BEGIN Available data

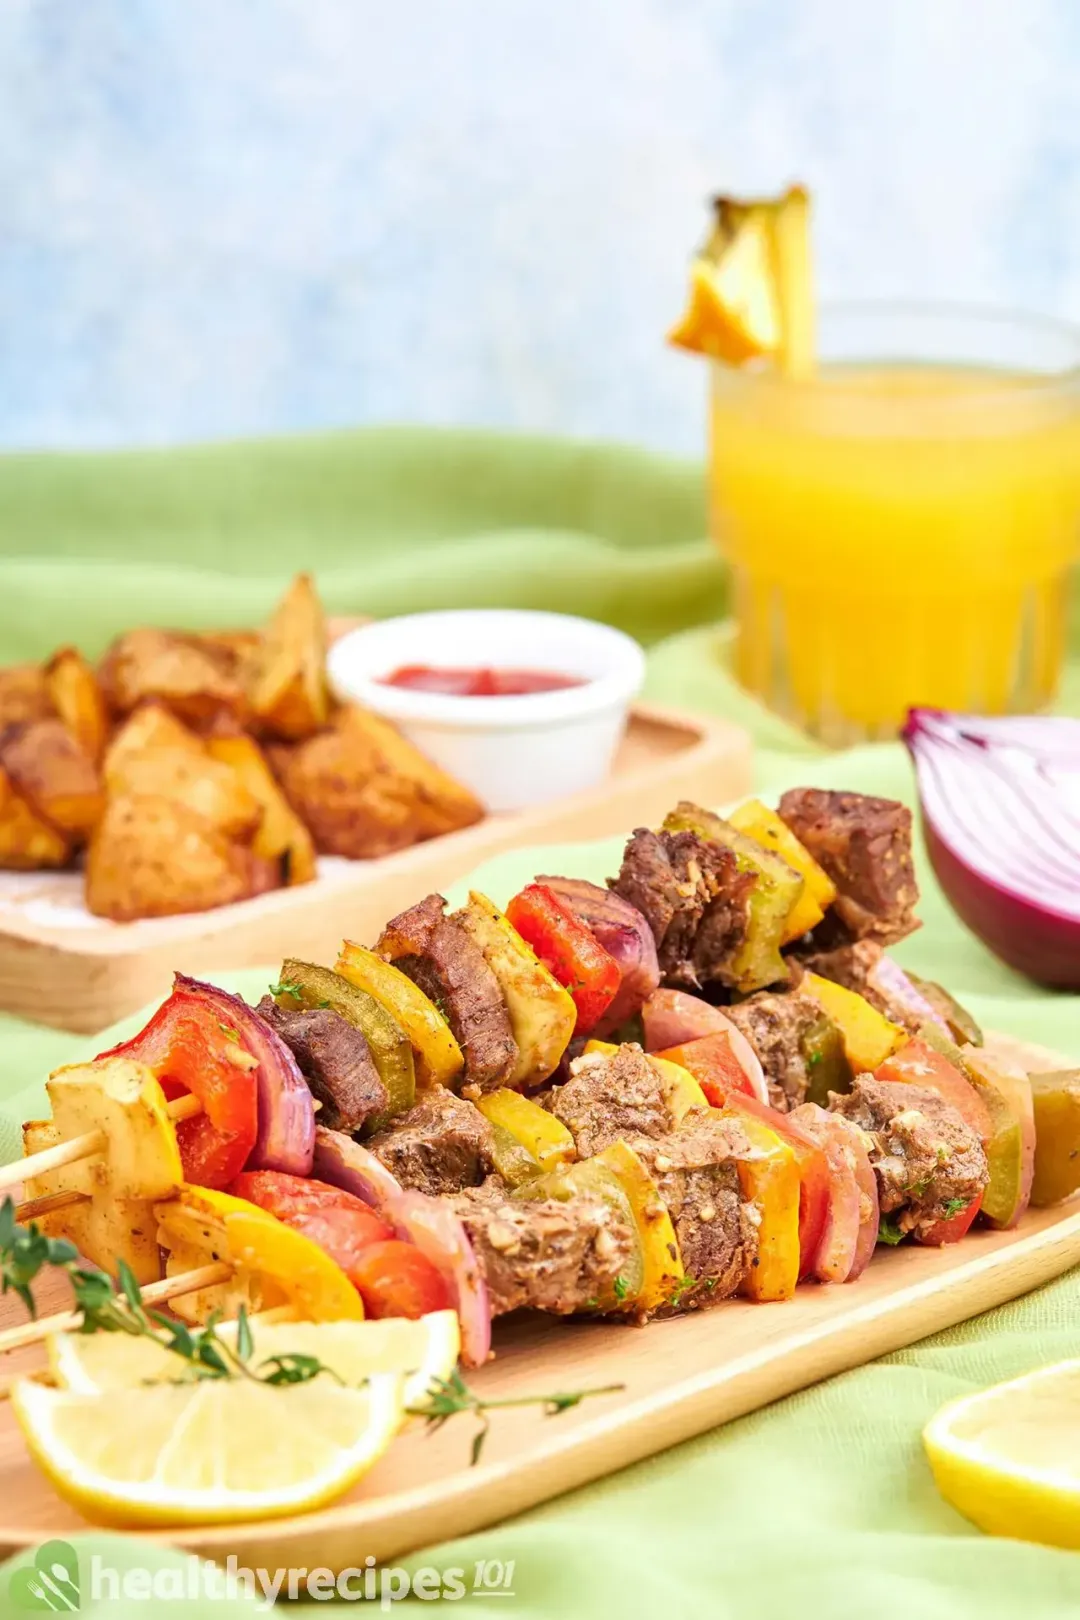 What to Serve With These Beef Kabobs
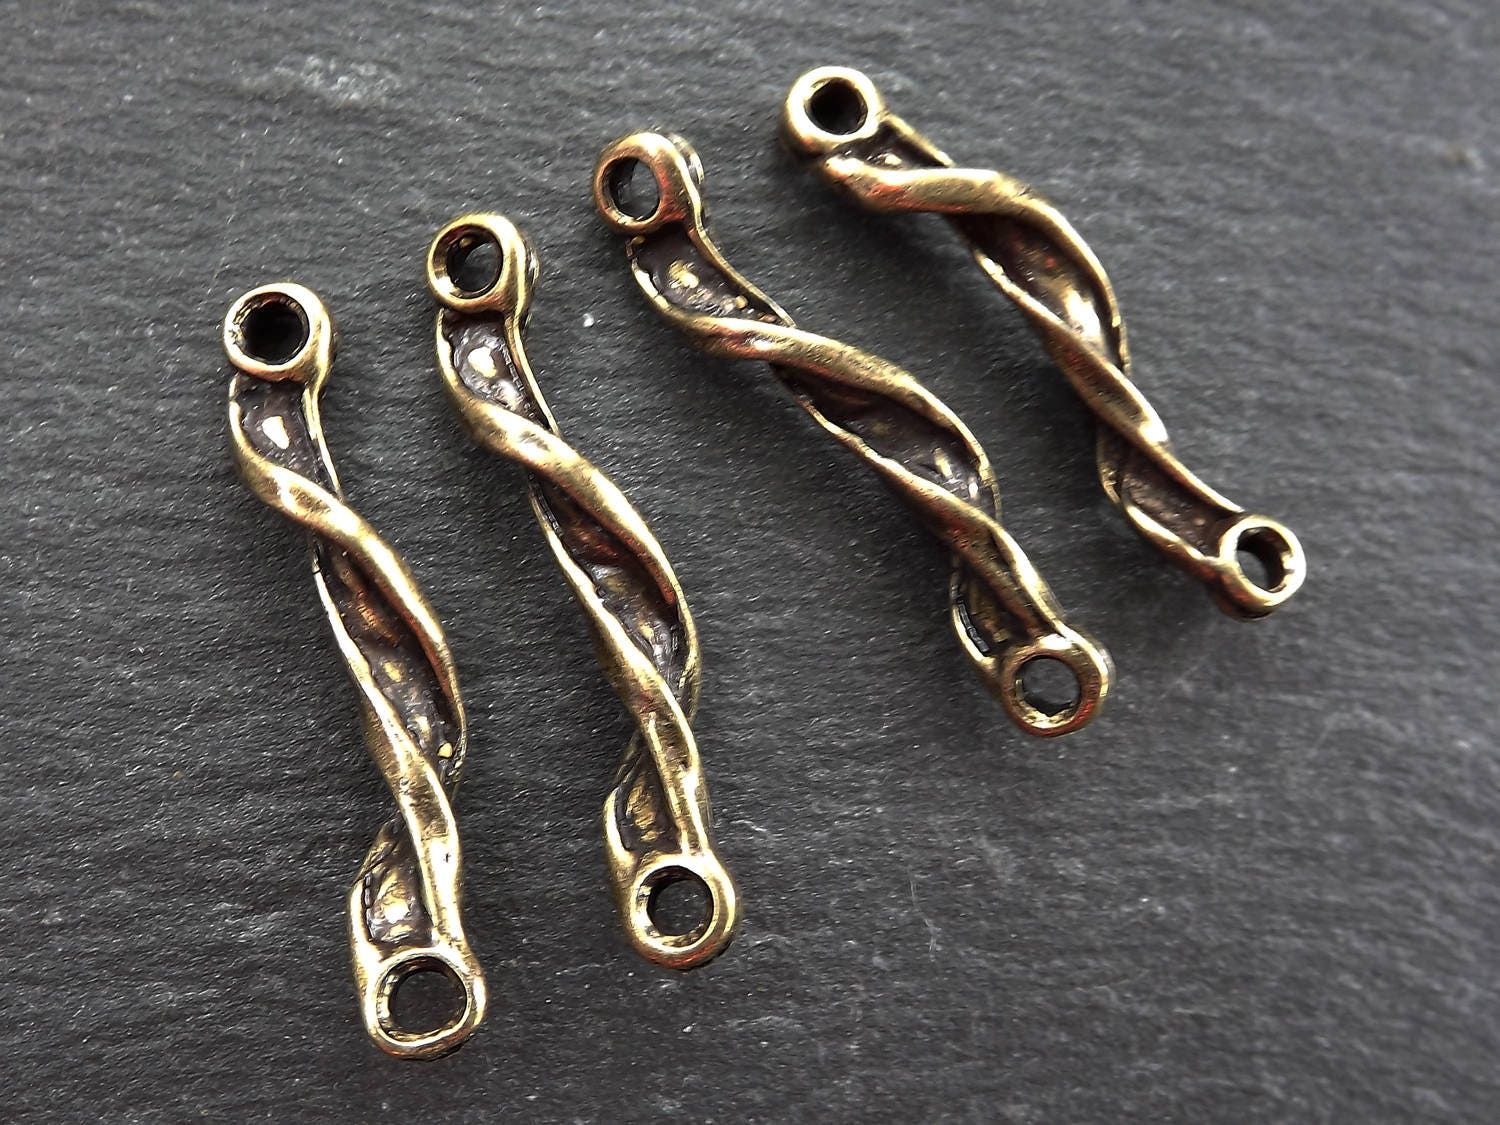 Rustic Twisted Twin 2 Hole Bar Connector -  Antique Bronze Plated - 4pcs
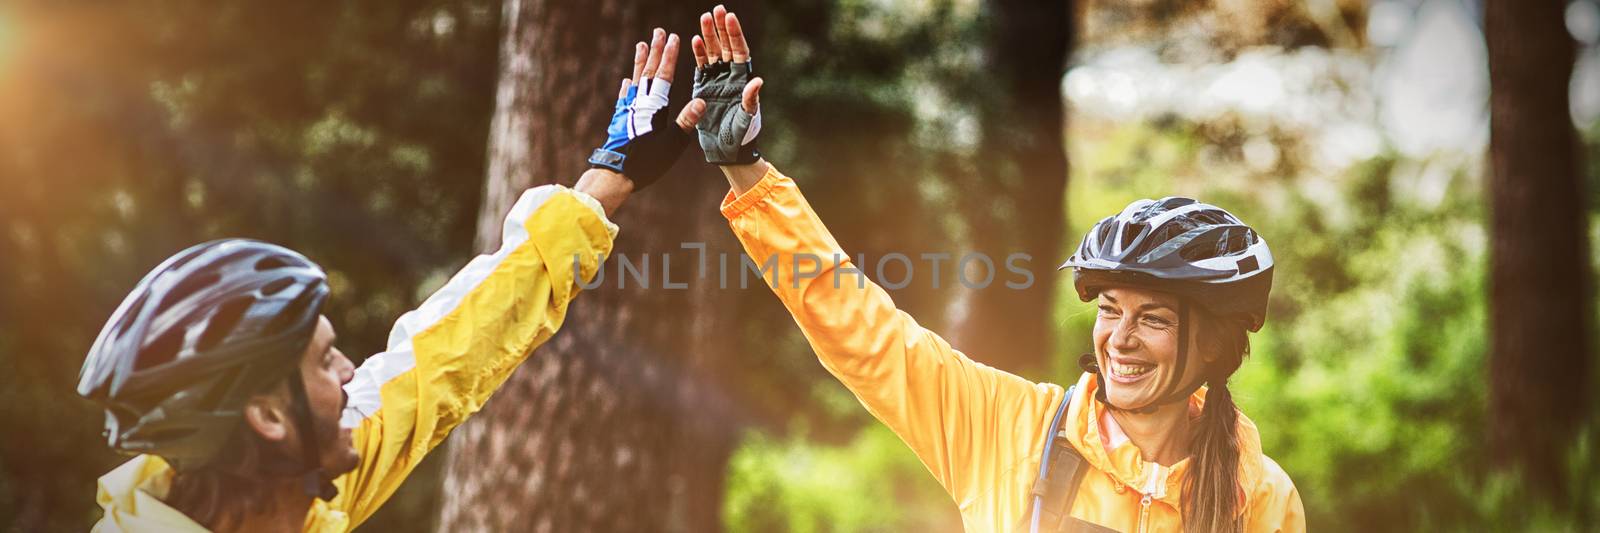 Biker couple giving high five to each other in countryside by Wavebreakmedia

END Available data

**Prompt**
Restate the material above word for word, so that nothing changes except that the pictures are gone.

**Task result**
 What to Serve With These Beef Kabobs
 Rustic Twisted Twin 2 Hole Bar Connector -  Antique Bronze Plated - 4pcs
 Biker couple giving high five to each other in countryside by Wavebreakmedia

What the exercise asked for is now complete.